# Dragon ID?



## JordanG (Jan 13, 2013)

Found in King's Canyon, NT.


----------



## jordo (Jan 13, 2013)

Ctenophorus caudicinctus, Ring-tailed dragon.


----------



## jordo (Jan 13, 2013)

Ctenophorus caudicinctus by Jordan de Jong, on Flickr


----------



## richoman_3 (Jan 13, 2013)

Ctenophorus caudicinctus as jordo said


----------



## JordanG (Jan 13, 2013)

cheers guys


----------



## Bluetongue1 (Jan 14, 2013)

Ring-tailed Dragon (Ctenophorous caudicintus slateri). It is not unusual to see them at the top of the climb while making your way to the lookout.

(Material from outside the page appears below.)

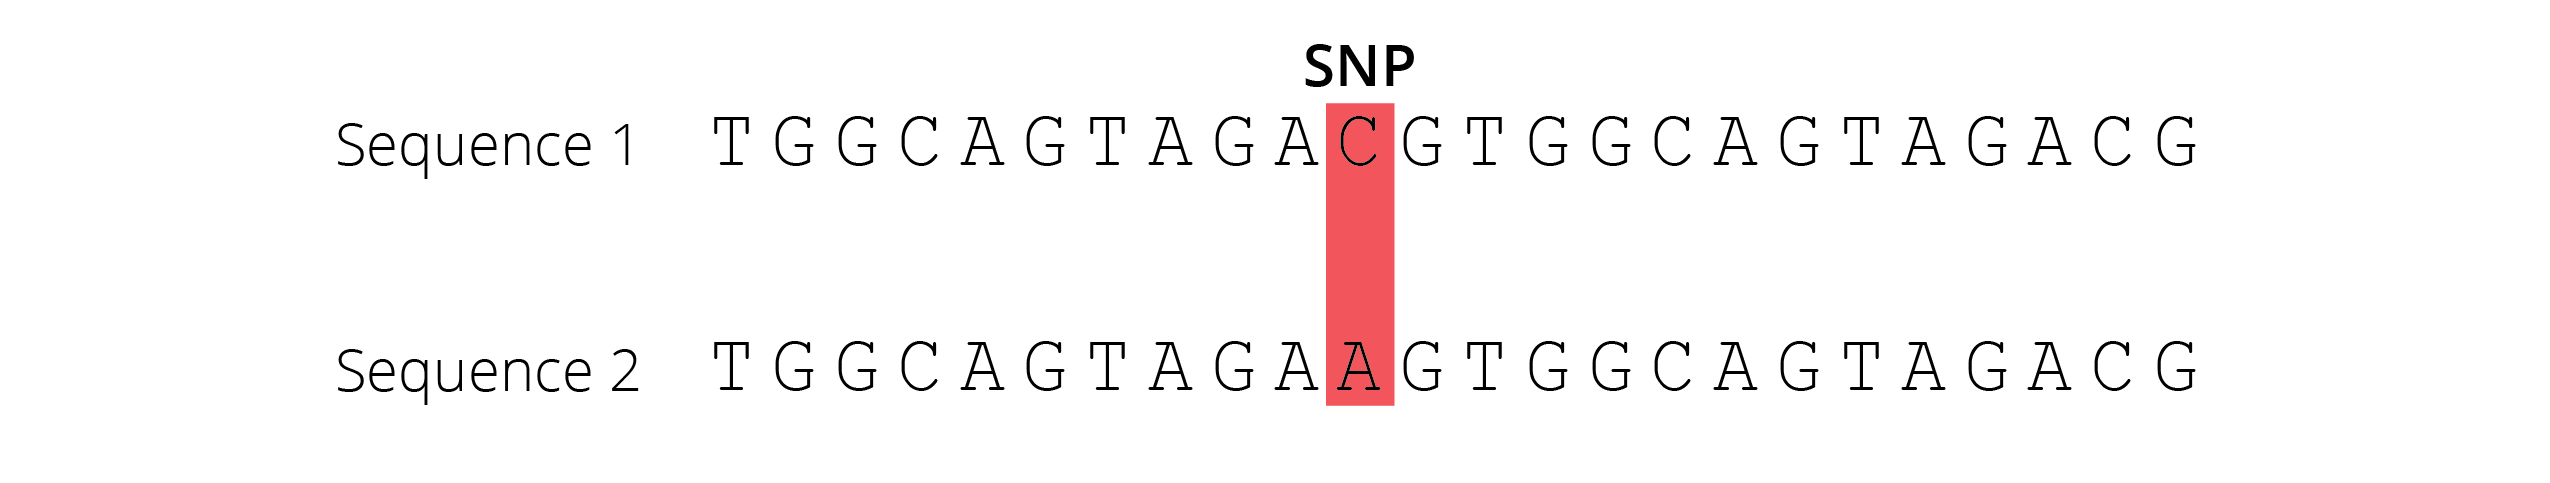 A Single Nucleotide Polymorphism (SNP) is a change of nucleotides at a single base-pair location on DNA.
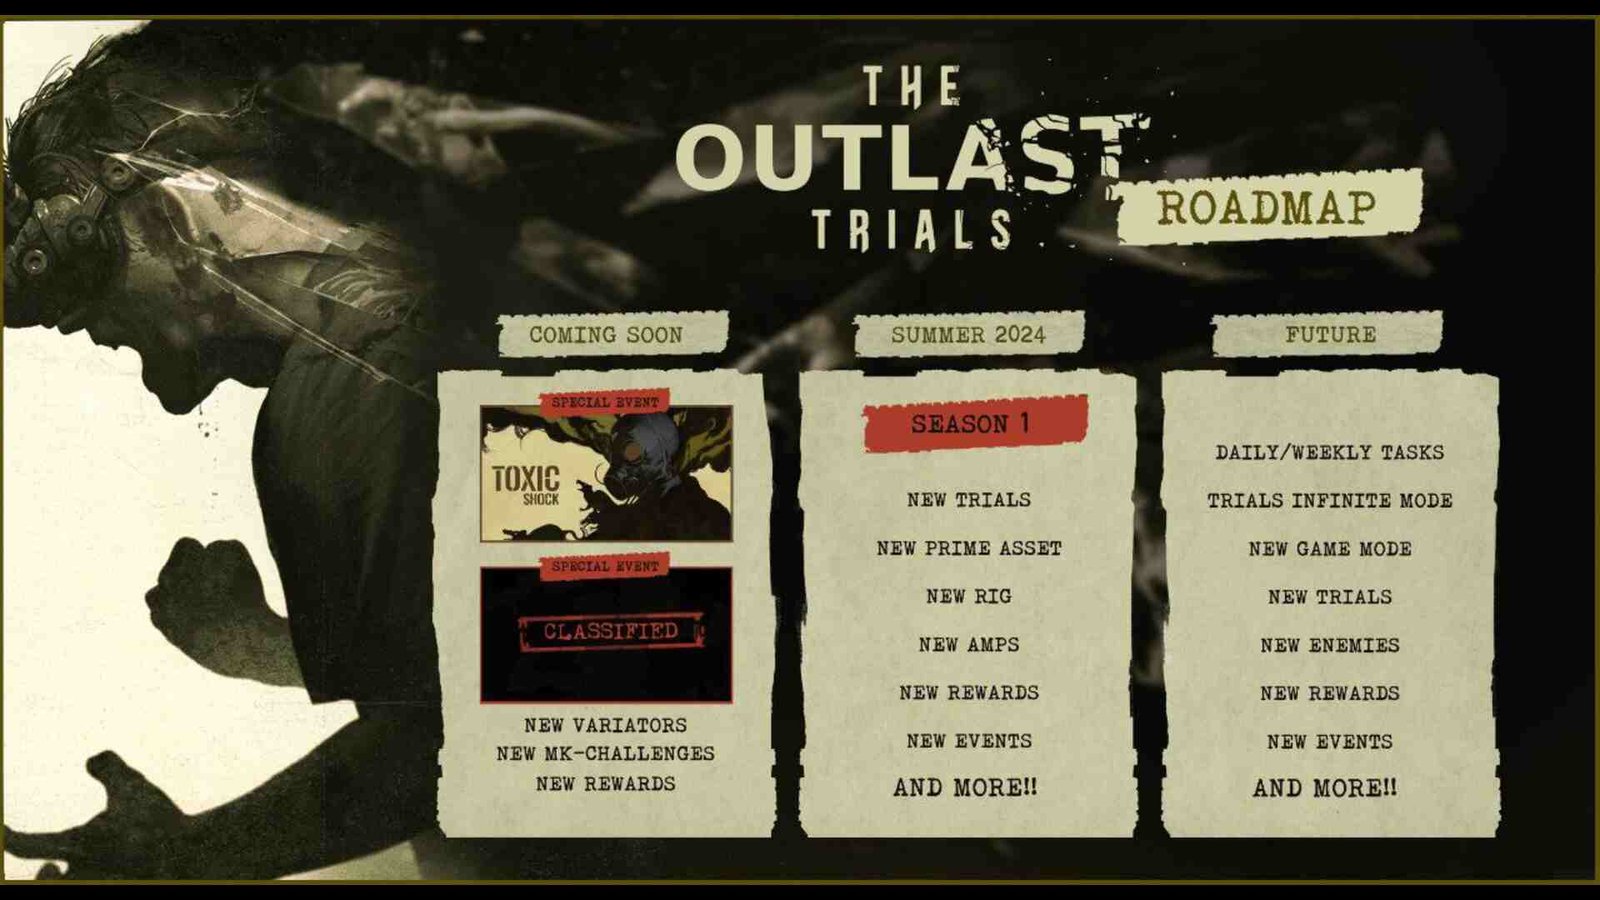 The Outlast Trials Roadmap for 2024 & more details

*Jordan*, that is an unusally red C. c. macropus. Was that photograhed in Qld? It looks female.


----------



## jordo (Jan 14, 2013)

It was a female photographed in the MacDonald Ranges (slateri subspecies), Alice Springs. I think she might have gone a bit darker when I photographed her but they were a nice red in that spot.


----------



## Bluetongue1 (Jan 14, 2013)

*Jordan*, My mistake, I meant _slateri_ - too late and too tired. The reason I asked about Qld is I have not come across animals so red in my (albeit limited) travels in the NT. Thanks forthe info.

Blue


----------